Prime Minister of Portugal
- In office 14 May 1909 – 22 December 1909
- Monarch: Manuel II
- Preceded by: Sebastião Teles
- Succeeded by: Francisco da Veiga Beirão

Personal details
- Born: 15 November 1858 Porto, Portugal
- Died: 24 December 1919 (aged 61) Lisbon, Portugal
- Party: Regenerator Party

= Venceslau de Lima =

Portuguese geologist, paleontologist, viticulturist, and politician (1858–1919)
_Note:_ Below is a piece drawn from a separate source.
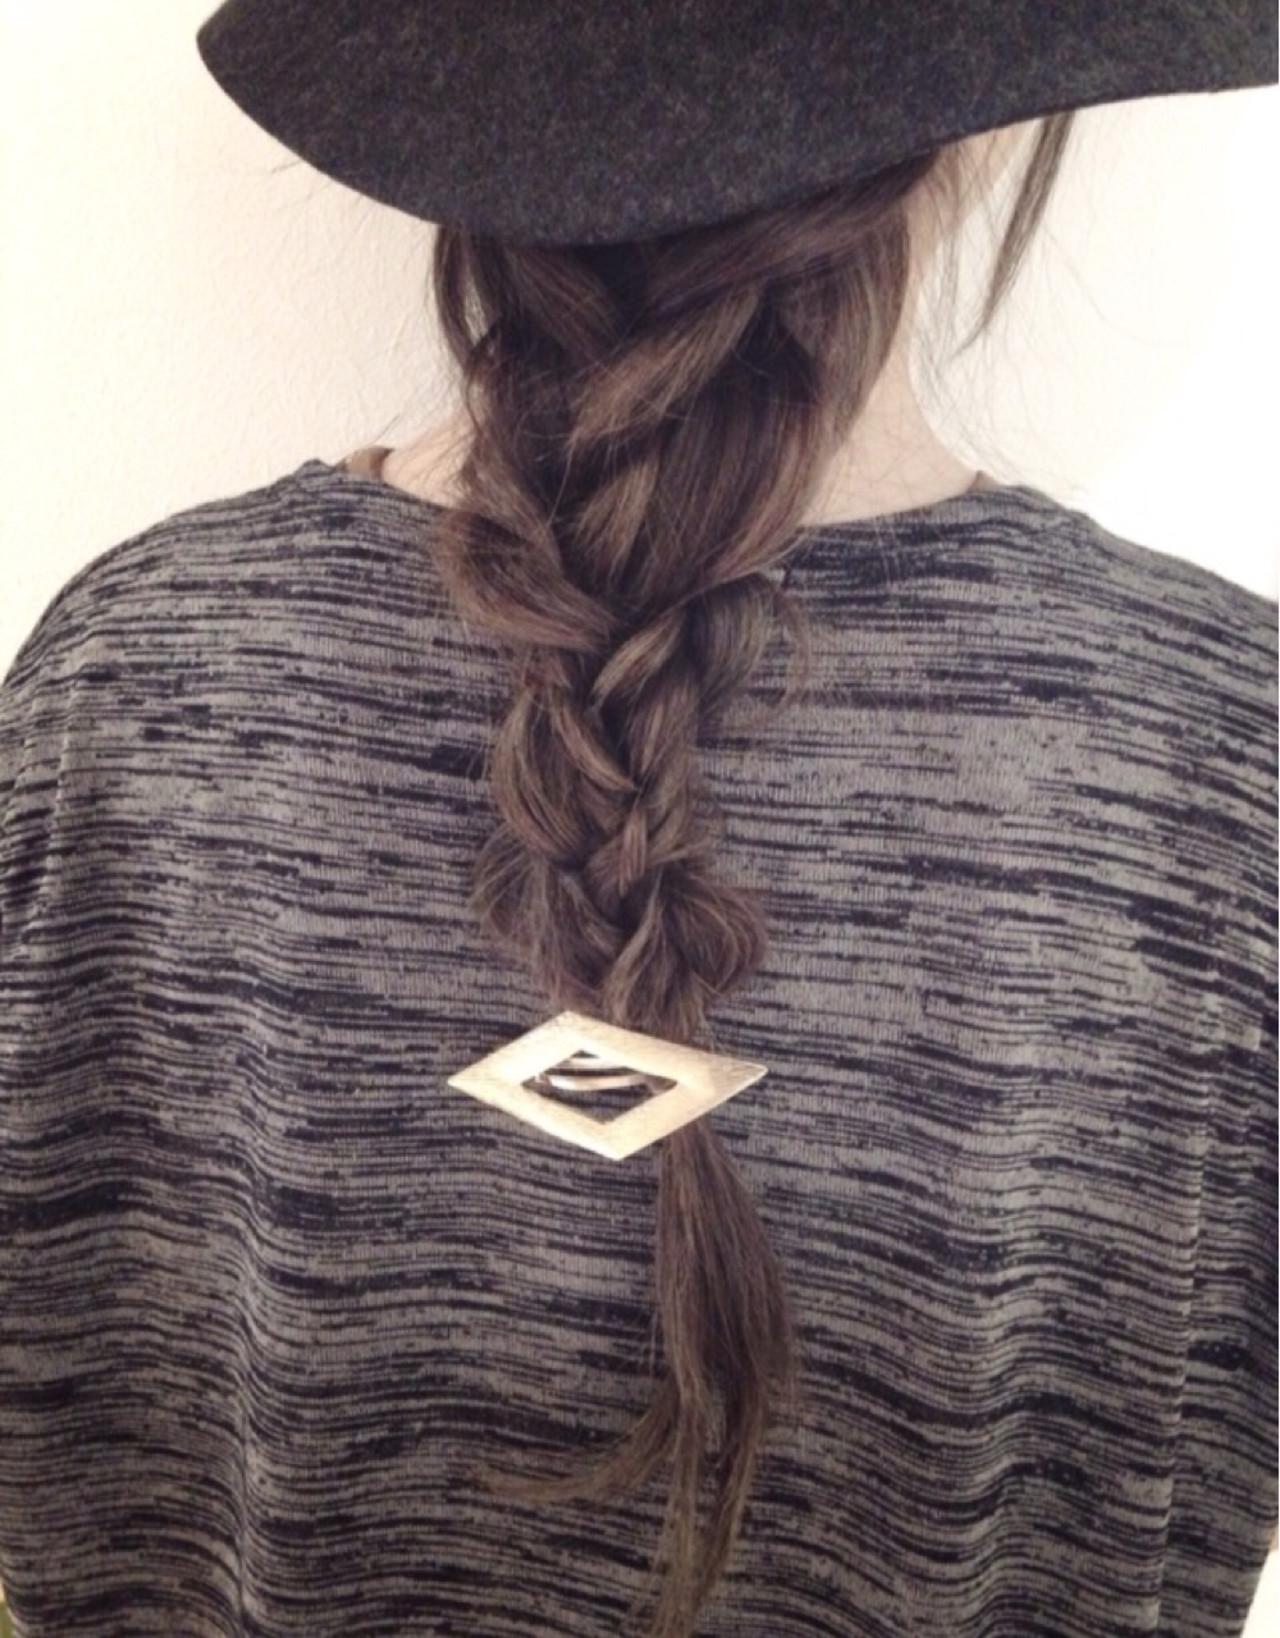 ロング ヘアアレンジ 簡単ヘアアレンジ ショート ヘアスタイルや髪型の写真・画像 | kanako / atelier NooK アトリエヌーク

Venceslau de Sousa Pereira de Lima, ComTe, GCTE, ComSE, GCSE, ComC, GCC, ComNSC, GCNSC (15 November 1858 in Porto – 24 December 1919 in Lisbon), also known as Venceslau de Lima and anglicized as Wenceslau de Sousa Pereira de Lima or Wenceslau de Lima, was a Portuguese geologist, paleontologist, viticulturist, and politician who, among other functions, served as a member of Parliament, a minister, and as President of the Council of Ministers (now Prime Minister). He was a member of the Sciences Academy of Lisbon.

==Biography==

Born into a wealthy family from Porto, Venceslau Pereira de Lima was sent abroad very young, and there made his preparatory and secondary studies. After completing these studies he returned to Portugal with professional training focused on the natural sciences, quite distinct from the course of study then propitiated by Portuguese schools. He enrolled at the Faculty of Philosophy at the University of Coimbra, completing the course with high honors. This required a licensure examination in which he defended his thesis on coal plants. Soon afterwards, on 26 November 1882, he received his doctorate from the same university.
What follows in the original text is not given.